§ Goal of the exercise
Retype each line below precisely and omit all images.

§ Source material
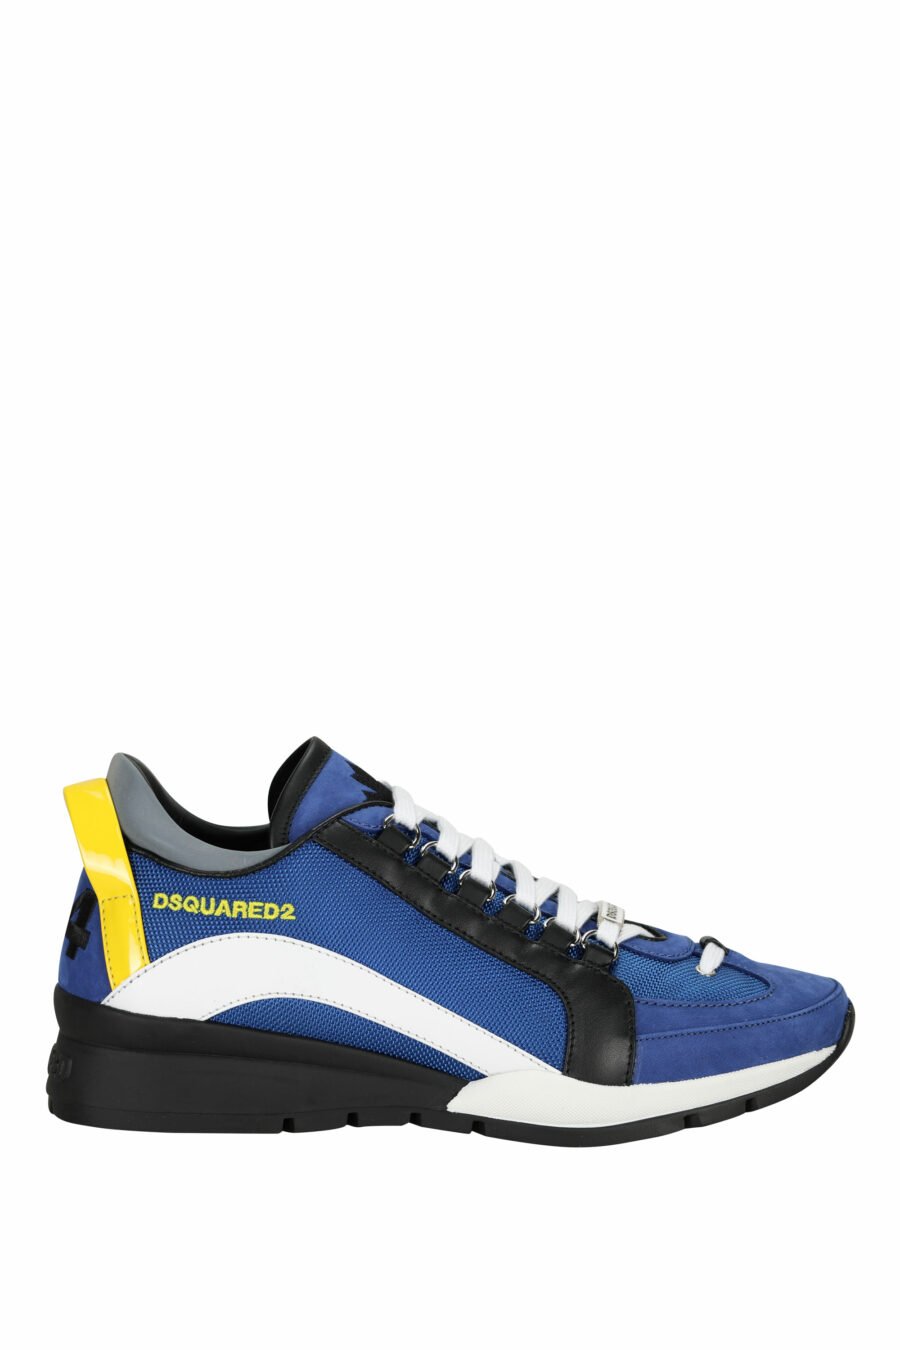 Zapatillas azules "legendary" con detalle amarillo - 8055777300343
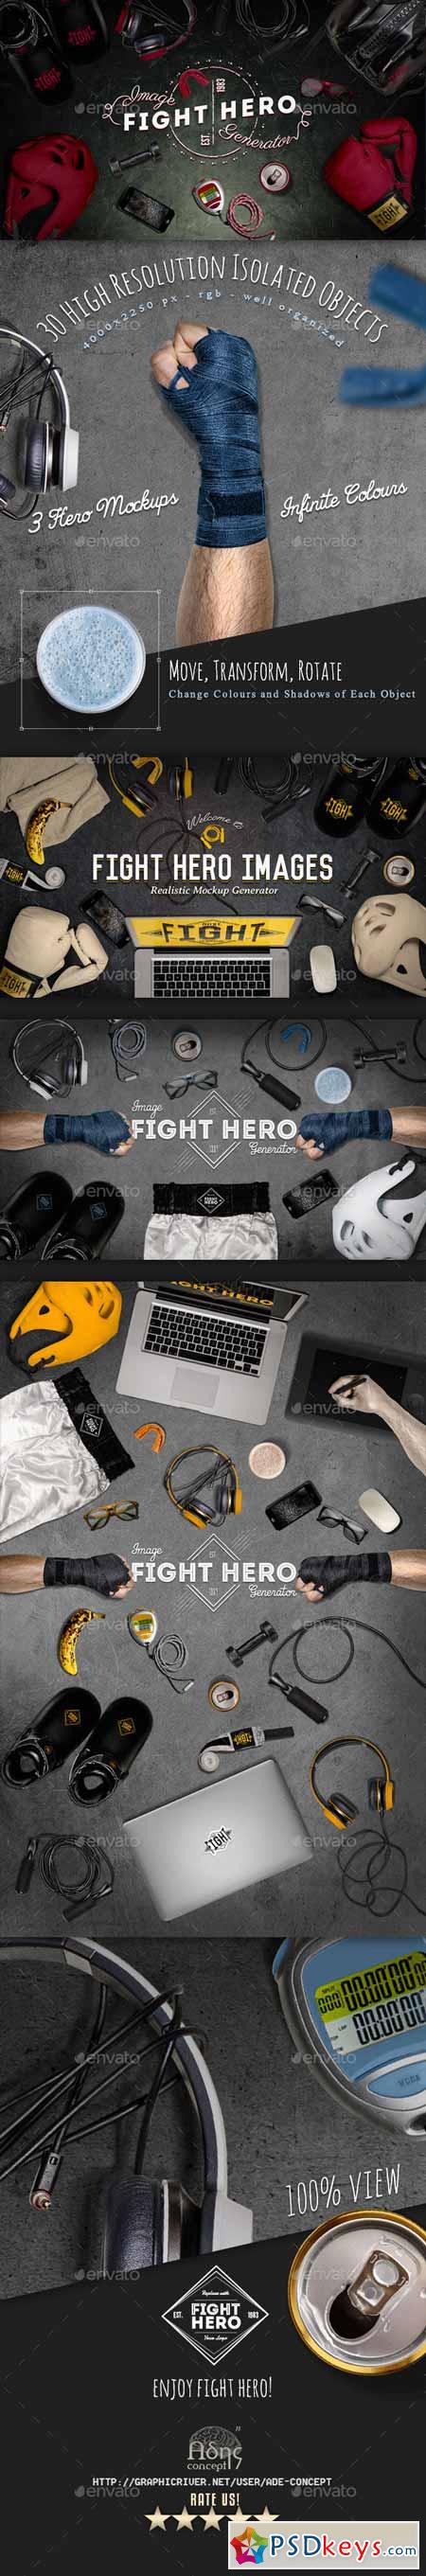 Fight Sport Hero Image Generator 12147639
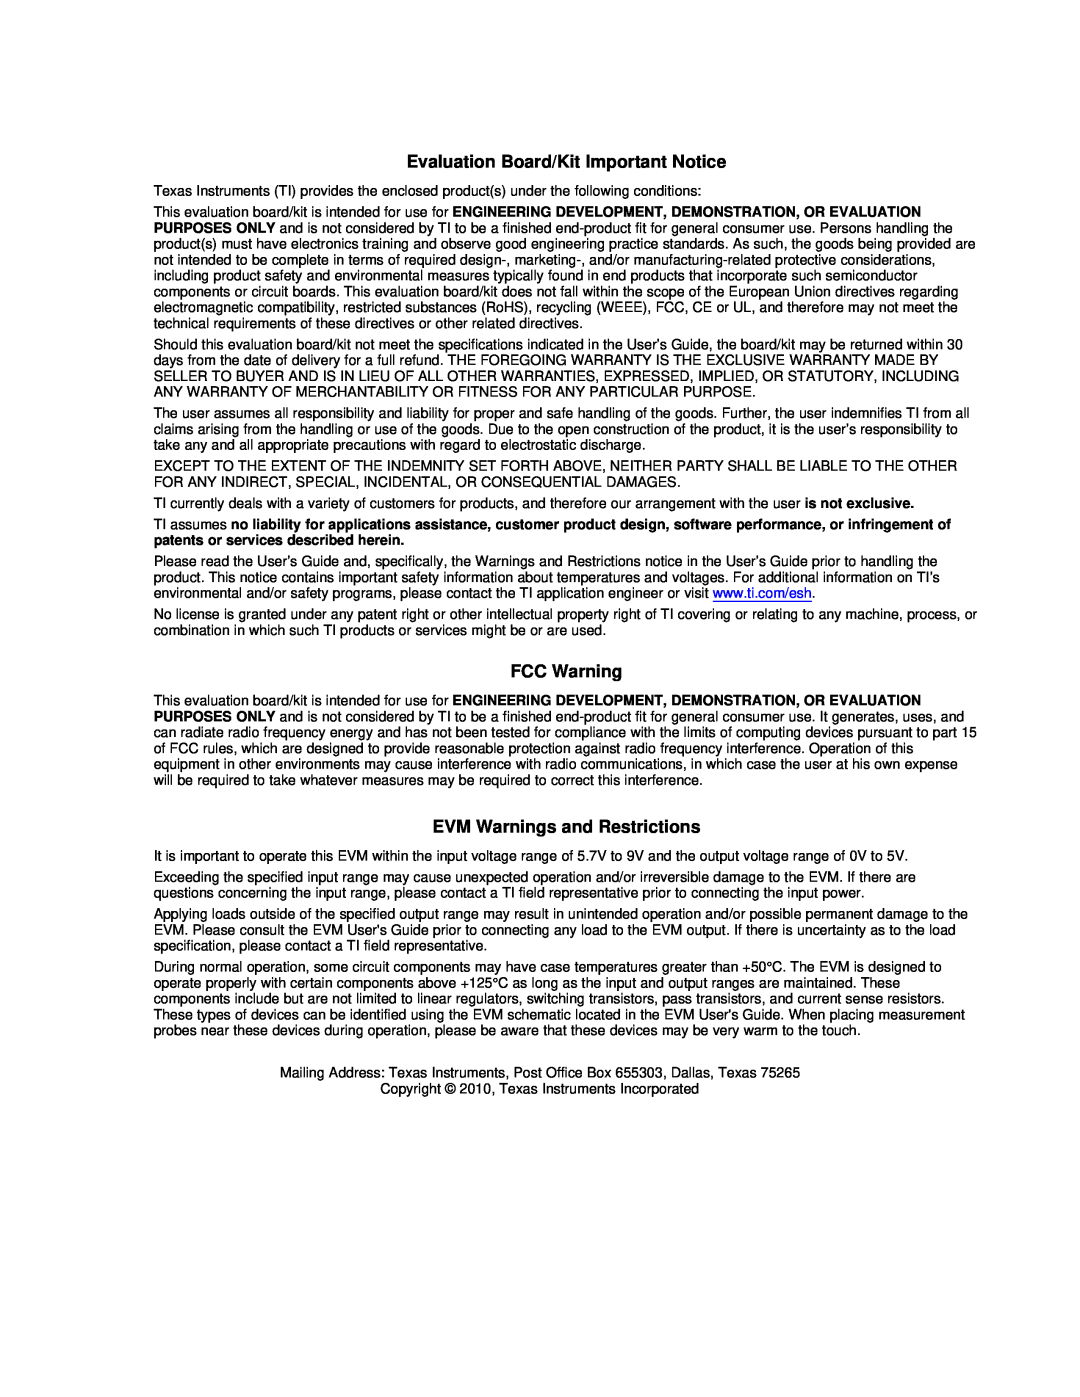 Texas Instruments PGA309EVM-USB manual Evaluation Board/Kit Important Notice, FCC Warning, EVM Warnings and Restrictions

§ Response for this exercise
 Zapatillas azules "legendary" con detalle amarillo - 8055777300343
 Fight Sport Hero Image Generator 12147639
 Texas Instruments PGA309EVM-USB manual Evaluation Board/Kit Important Notice, FCC Warning, EVM Warnings and Restrictions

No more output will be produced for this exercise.